In rendering our opinions, we have made the following assumptions:

 

(a) there has been no change in the Company’s status as a real estate investment trust under Section 856 of the Code since December 31, 2012;

 

(b) each of the Company and its subsidiaries has been and will continue to be organized, capitalized and operated in the manner described to us, and as summarized in the Officer’s Certificate;

 

(c) there are and will be no changes in the applicable laws of the State of Maryland regarding authorization for charter restrictions on ownership of the Company’s shares and permitting enforcement of provisions intended to cure or prevent violation of such limitations;

 

(d) the Prospectus and other documents incorporated by reference into the Registration Statement accurately describes the factual information provided regarding the Company and its Common Stock and the Prospectus Supplement accurately describes the Plan and its operation; and

 

 
 

 

Redwood Trust, Inc.

May 17, 2013

Page 3

 

(e) we have assumed the legal capacity of all natural persons, the genuineness of all signatures, the authenticity of all documents submitted to us as originals, the conformity to original documents of all documents submitted to us as certified, conformed or other copies, and the authenticity of the originals of such copies.

 

With respect to these assumptions, it should be noted that (x) the representations set forth in the Officer’s Certificate are highly factual in nature and reflect an intention with respect to the future conduct of the business of the Company and its subsidiaries that may not be achievable if there are future changes in the circumstances of either and (y) statutes, regulations, judicial decisions, and administrative interpretations are subject to change at any time and, in some circumstances, with retroactive effect.

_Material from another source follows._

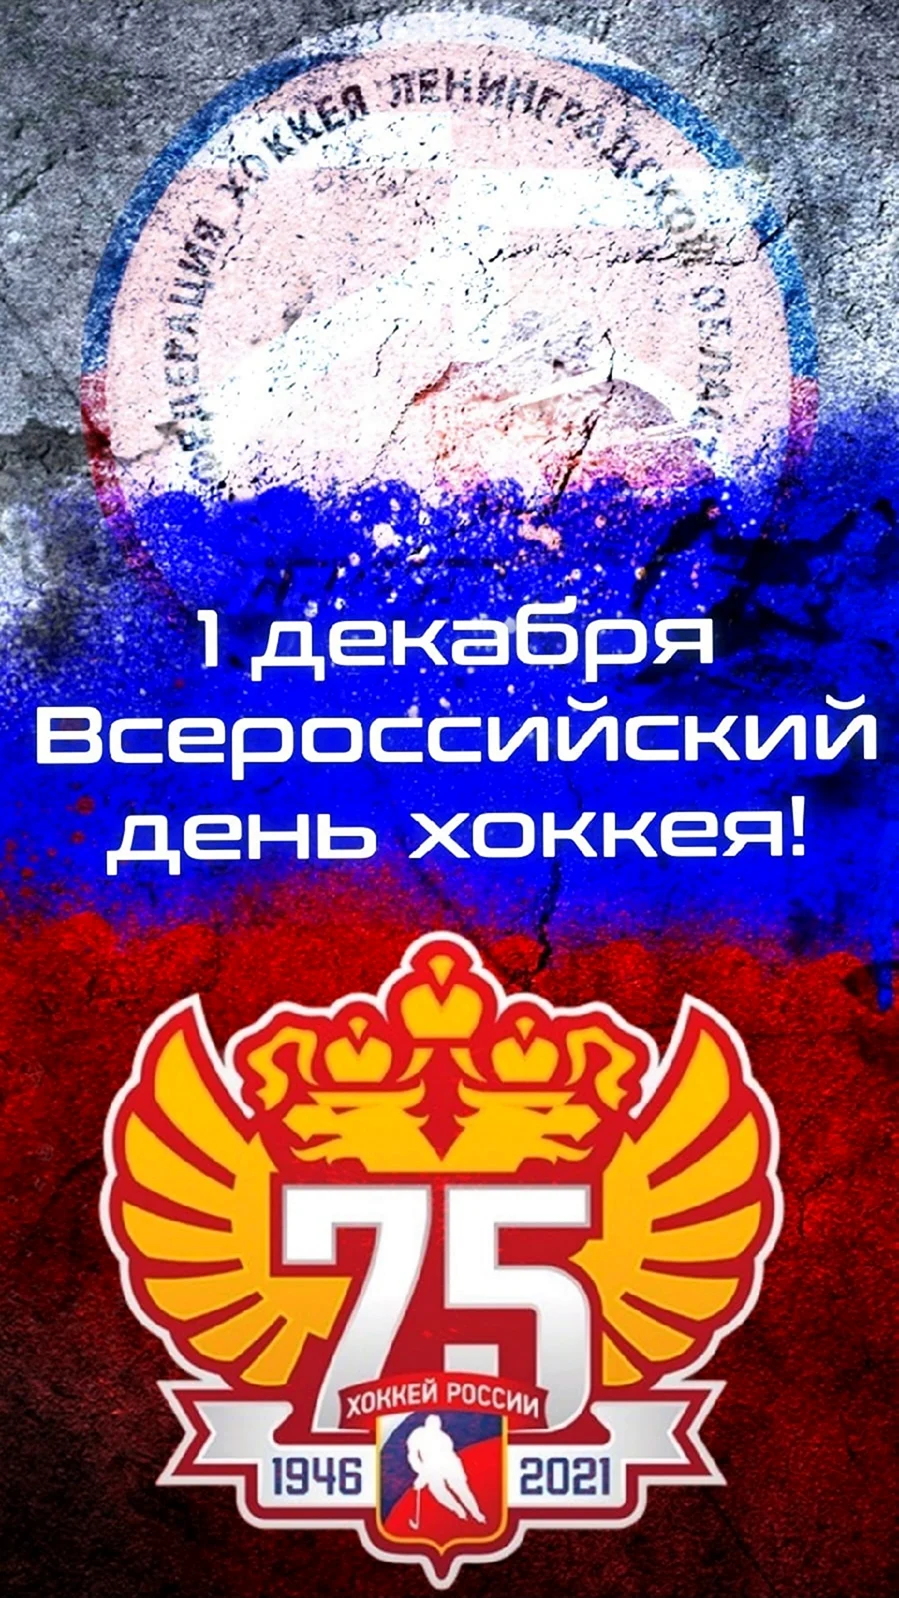 Всероссийский день хоккея 1 декабря. Открытка, картинка с поздравлением, с праздником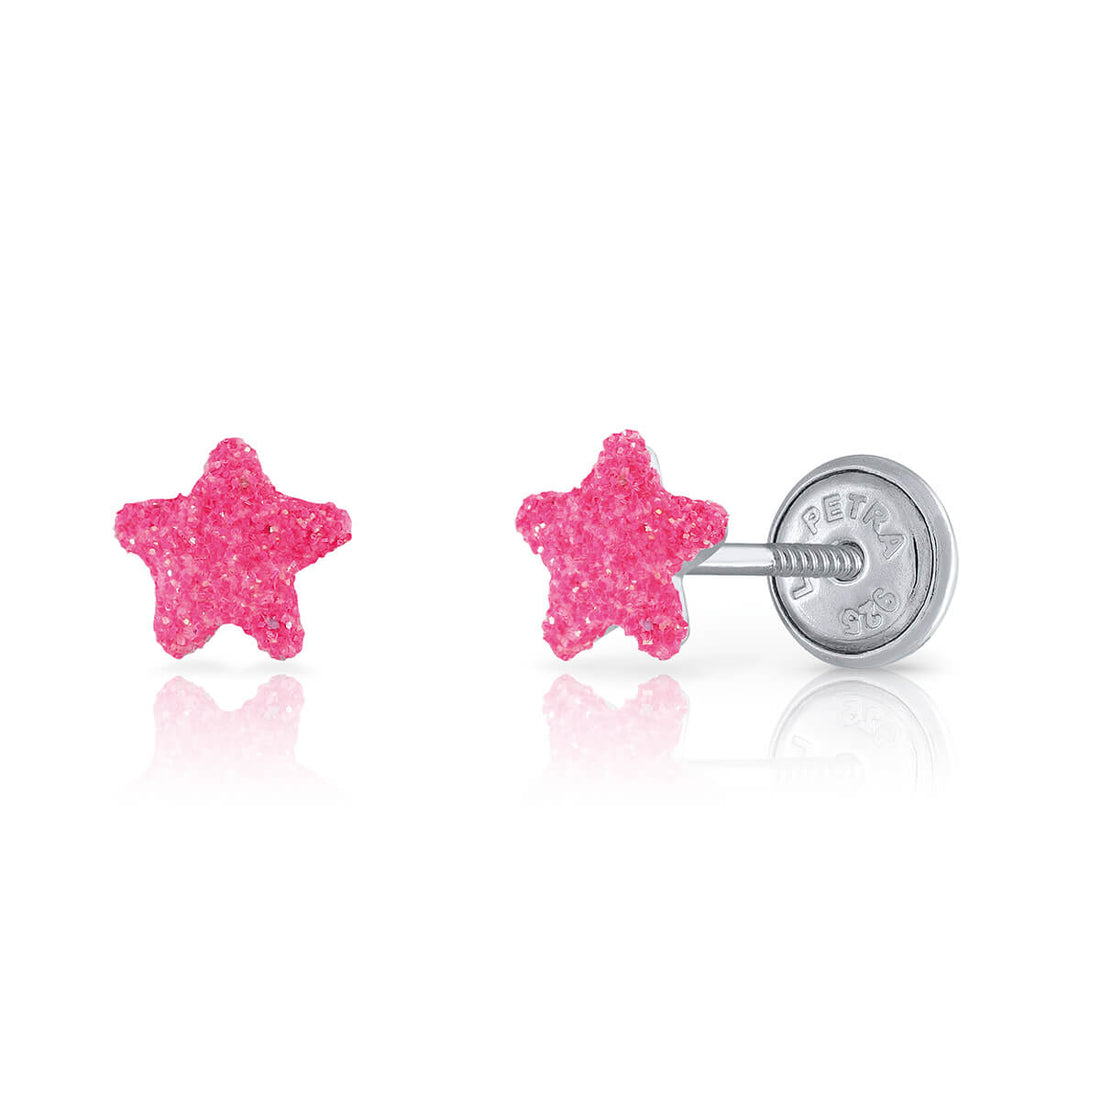 Zilveren kinderoorbellen: Roze ster met schroefsluiting (Lapetra)

Any material change after the date hereof of any of the foregoing bases for our opinions could adversely affect our conclusions.

 

Opinions

 

Subject to the qualifications, assumptions and limitations set forth herein, we are of the opinion that, although the discussions set forth under the heading “36. What about Taxes?” and the heading “Material U.S. Federal Income Tax Considerations” in the Prospectus Supplement do not purport to discuss all possible U.S. federal income tax consequences of an investor’s participation in the Plan, such discussions taken together with that in the Prospectus under the same heading, constitute an accurate summary of the U.S. federal income tax considerations that are likely to be material to an investor in the Company’s common stock acquired under the Plan as of the date hereof.

 

Limitations

 

Other than as specifically stated above, we express no opinion on any issue relating to the Company or its subsidiaries, or any investment in any other series or class of securities issued by them, or under any law other than U.S. federal income tax laws.

 

We impose no limit on your disclosure of this opinion or the tax treatment of the Company or its Common Stock. However, we are furnishing this opinion to you solely in connection with the filing of the Prospectus Supplement and it cannot be relied upon by any person or for any other purpose without our express written permission.

 

 
 

 

Redwood Trust, Inc.

May 17, 2013

Page 4

 

We hereby consent to the filing of this opinion as an exhibit to the Registration Statement. In giving such consent, we do not hereby admit that we are in the category of persons whose consent is required under Section 7 of the Securities Act, as amended, or under the rules and regulations of the SEC promulgated thereunder.